Even before seeing High Fidelity, I have always hated the "Top Five/Ten/Fifty/100" list. My musical preferences change as often as my socks, and what fits the mood for today may be totally out of whack tomorrow. For some reason, tho, I recently filled out a Top Ten Albums survey on Facebook and received some interesting and encouraging feedback. This gave me the idea to keep a diary of what I'm currently diggin' in order to share my listening habits, inspire discussion, and perhaps turn folks on to some under-appreciated gems as well as occasionally embarrass myself by revealing a few guilty pleasures. So here goes!!
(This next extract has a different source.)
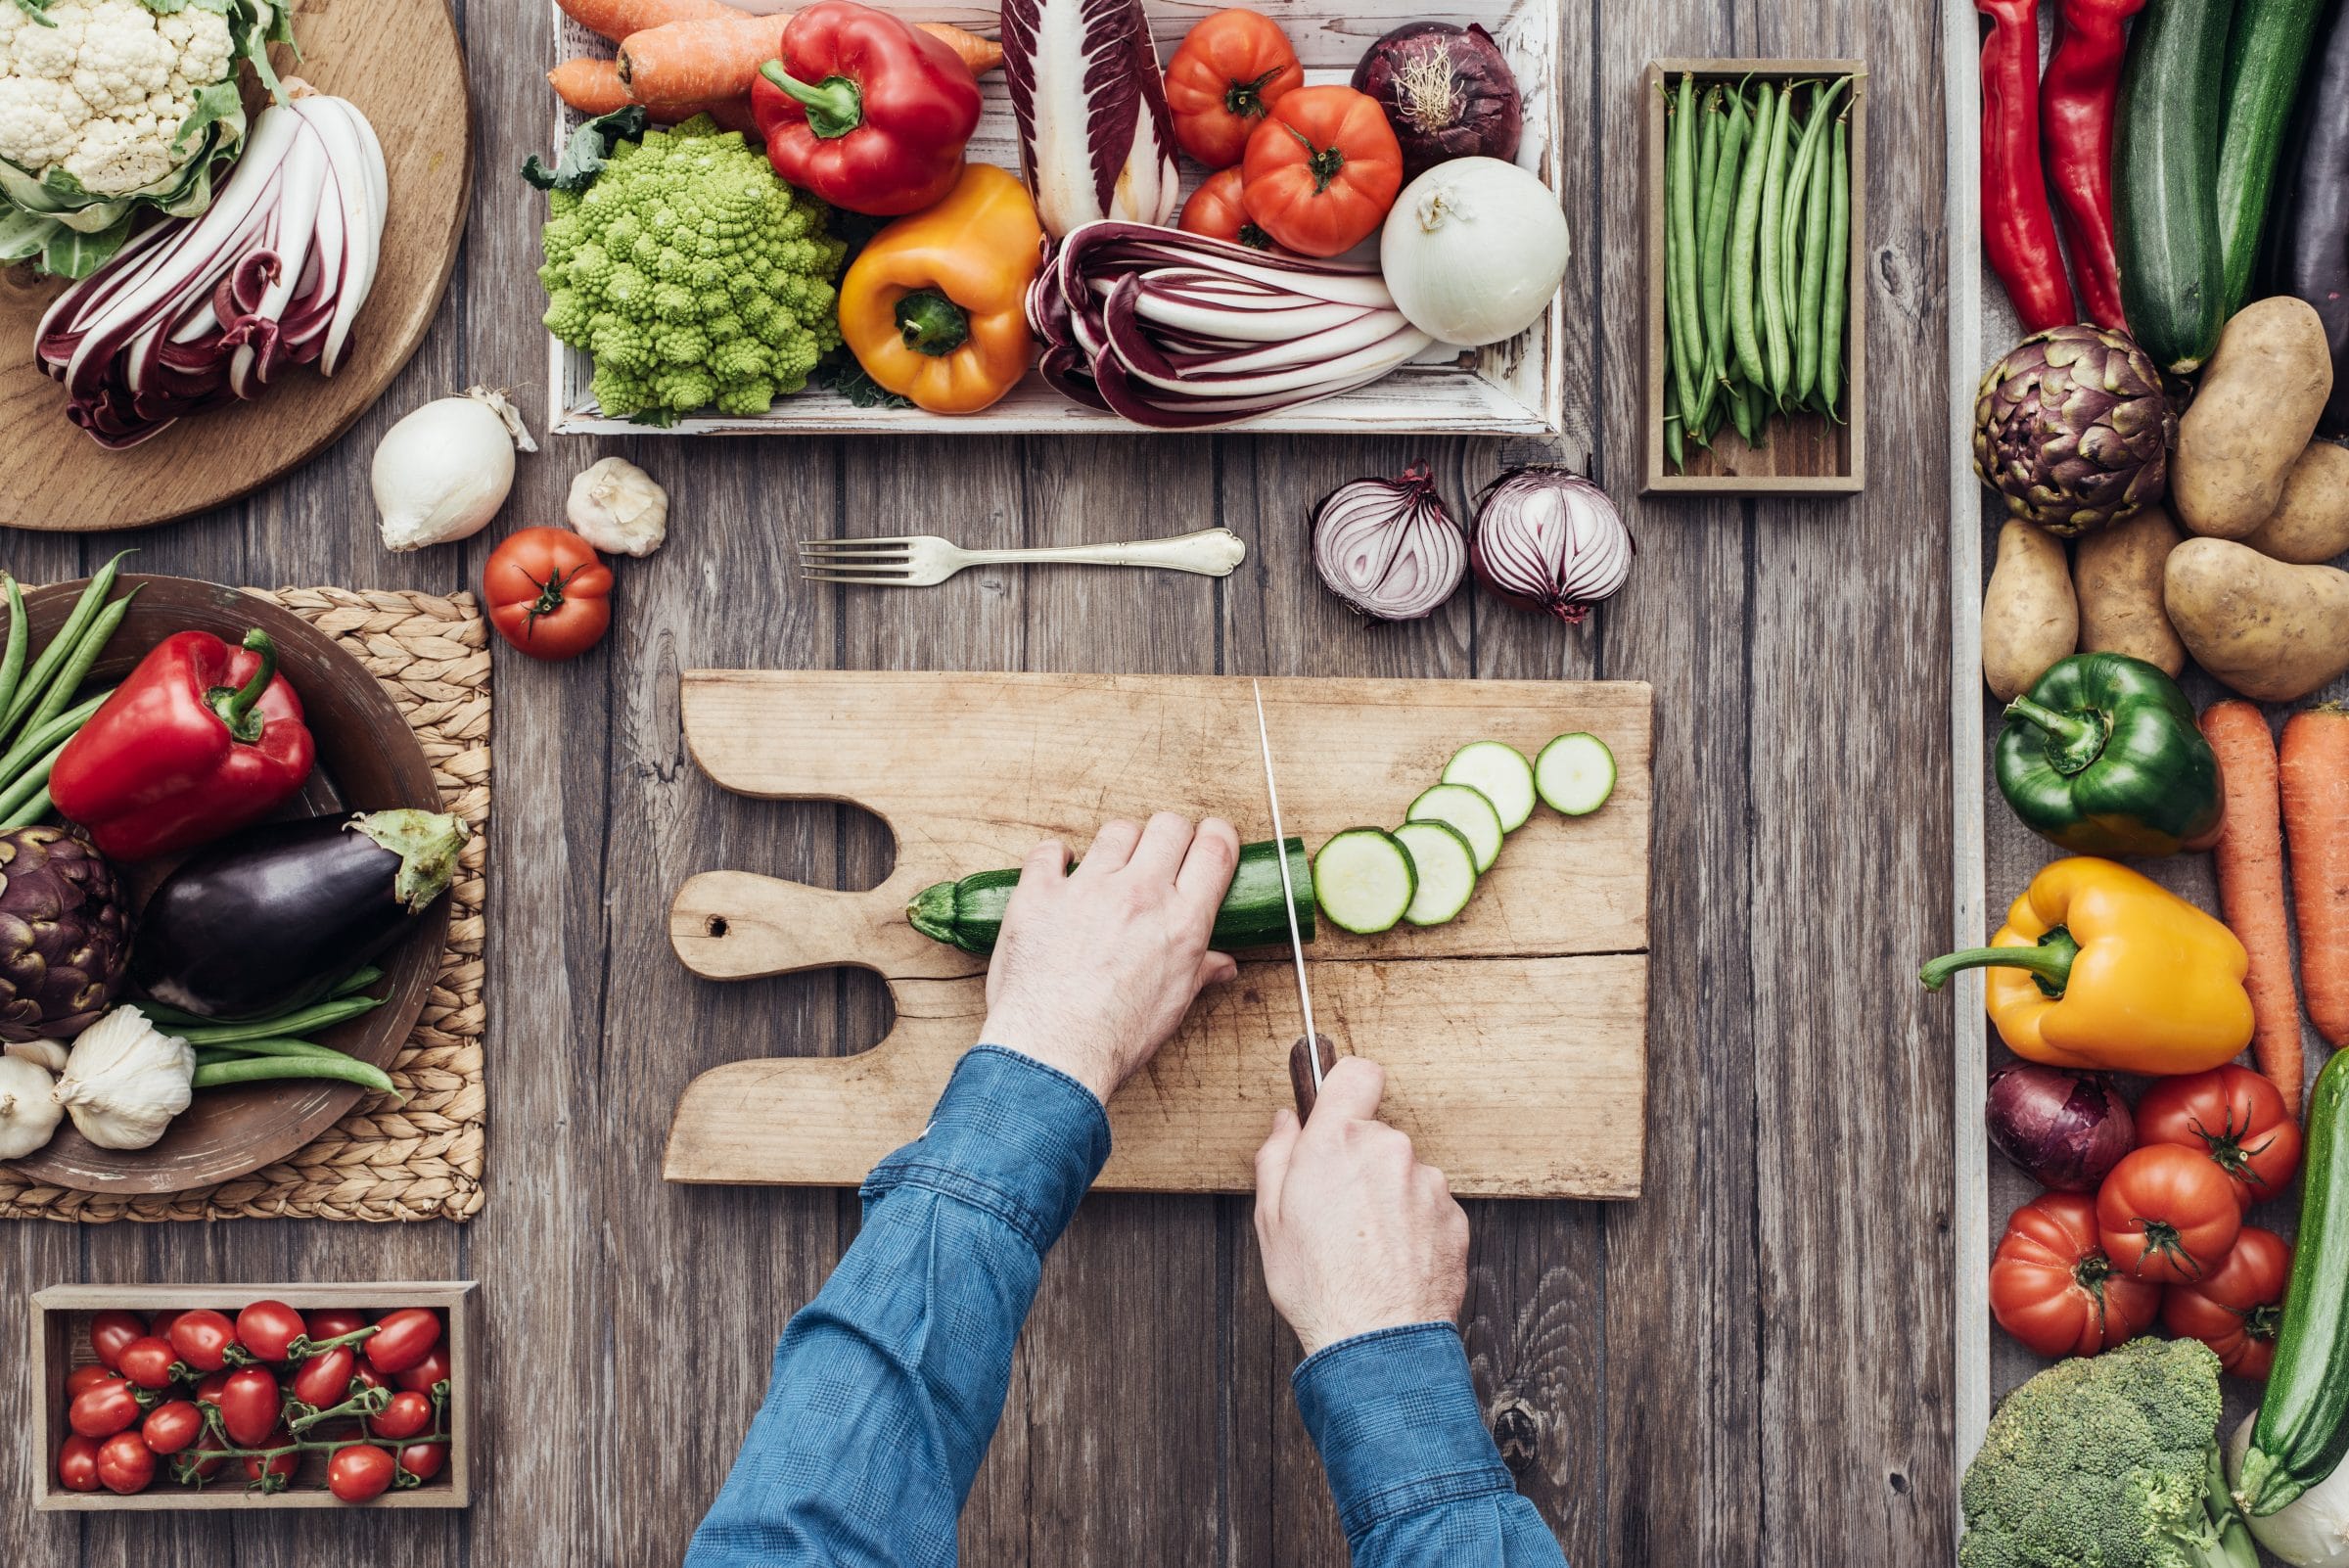 An overview shot of hands cutting a cucumber. Various colourful vegetables surround the cutting board.

What better place to start than SUN SESSIONS by Elvis Presley? 1954, the birth of rock'n'roll! (Although if you dig back through the early 1950s and late 1940s you can hear plenty of what sounds to me like pure unadulterated rock'n'roll, but that is a whole 'nuther topic). I've never been a huge Elvis fan...these recordings, his first two RCA records, and his pre-Army singles are all the Elvis I need. Certainly, his mythic impact on youth culture and future sonic pioneers cannot be underestimated, but this can't be attributed to his song-writing or boundary-shattering creative achievements. He was simply the primary icon, the first "rock star", and others (Chuck Berry, Buddy Holly) would soon supply the artistic substance that would carry rock music to a level beyond mere "teen marketing phenomenon". (I can't help but wonder how much Elvis' plummeting artistic decline had to do with the Beatles brazen insistence on releasing original tunes, even when potential hit singles by outside writers were presented to them? In other words, did they equate following managerial/record label "standard procedure" as artistic suicide, preferring to go down in flames with their integrity intact than sell out to guaranteed but bland commercial success? Hmmm...future topic...).
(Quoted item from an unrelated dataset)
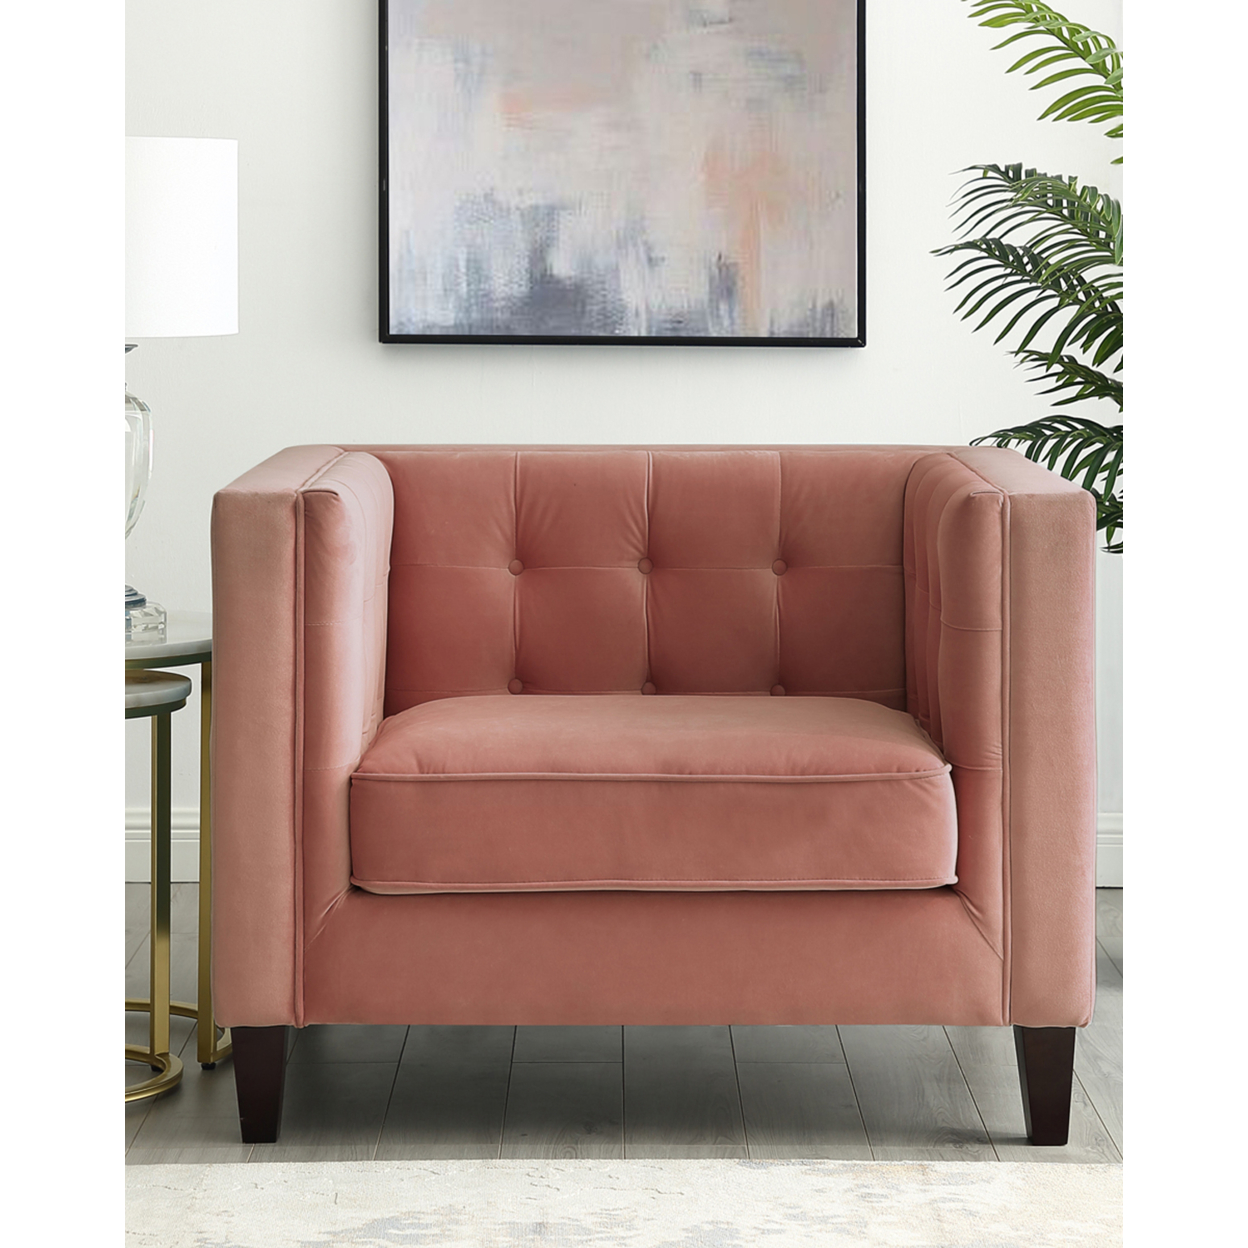 Pax Velvet Button Tufted Club Chair-Espresso Tapered Legs-Square Arms-By Inspired Home - Blush

So, what about these Sun Sessions? Cool songs, yes, drawn mainly from bluegrass or blues, but presented in a nervous, twitching, pulsating treatment that sounds like the singer has his fingers in a light socket, propelled by relentless backbeats and pumping rockabilly guitar. Is it country, or is it blues? Is it black, or white? Is it old, or new? It is both, and neither. Ambiguity in recorded form. Thus was rock'n'roll born, the ultimate music of synthesis and appropriation, taking a little of this and a little of that and mixing it up with plenty of volume and explosive energy. Elvis' vocals really shine, simultaneously smooth and exultant, but this is also the sound of the BAND: slappin' bass, train-beat drums, and most of all Scotty Moore's sublime guitar breaks, all processed through generous gobs of Sun's slap-echo. Somehow, Sam Phillips captures lightning in a bottle, using humble technology to harness pure energy and transfer it onto vinyl plastic...a full-blown performance leaps right out of your little bedroom radio speakers! And while Elvis would certainly go on to achieve absurd peaks of commercial success with movies and mansions and comebacks and Las Vegas purgatory (the man's CADILLAC went out on tour for him!), in my opinion he would never surpass the pure rockin' energy of these first few singles, singing bizarre hillbilly versions of "Milkcow Blues" and "That's All Right Mama". Teenagers in America went apeshit and began pumping millions into the economy, while across the sea kids like John Lennon, Keith Richards and Jimmy Page heard these recordings and decided to forgo proper educations and wise career choices...they wanted this man's job!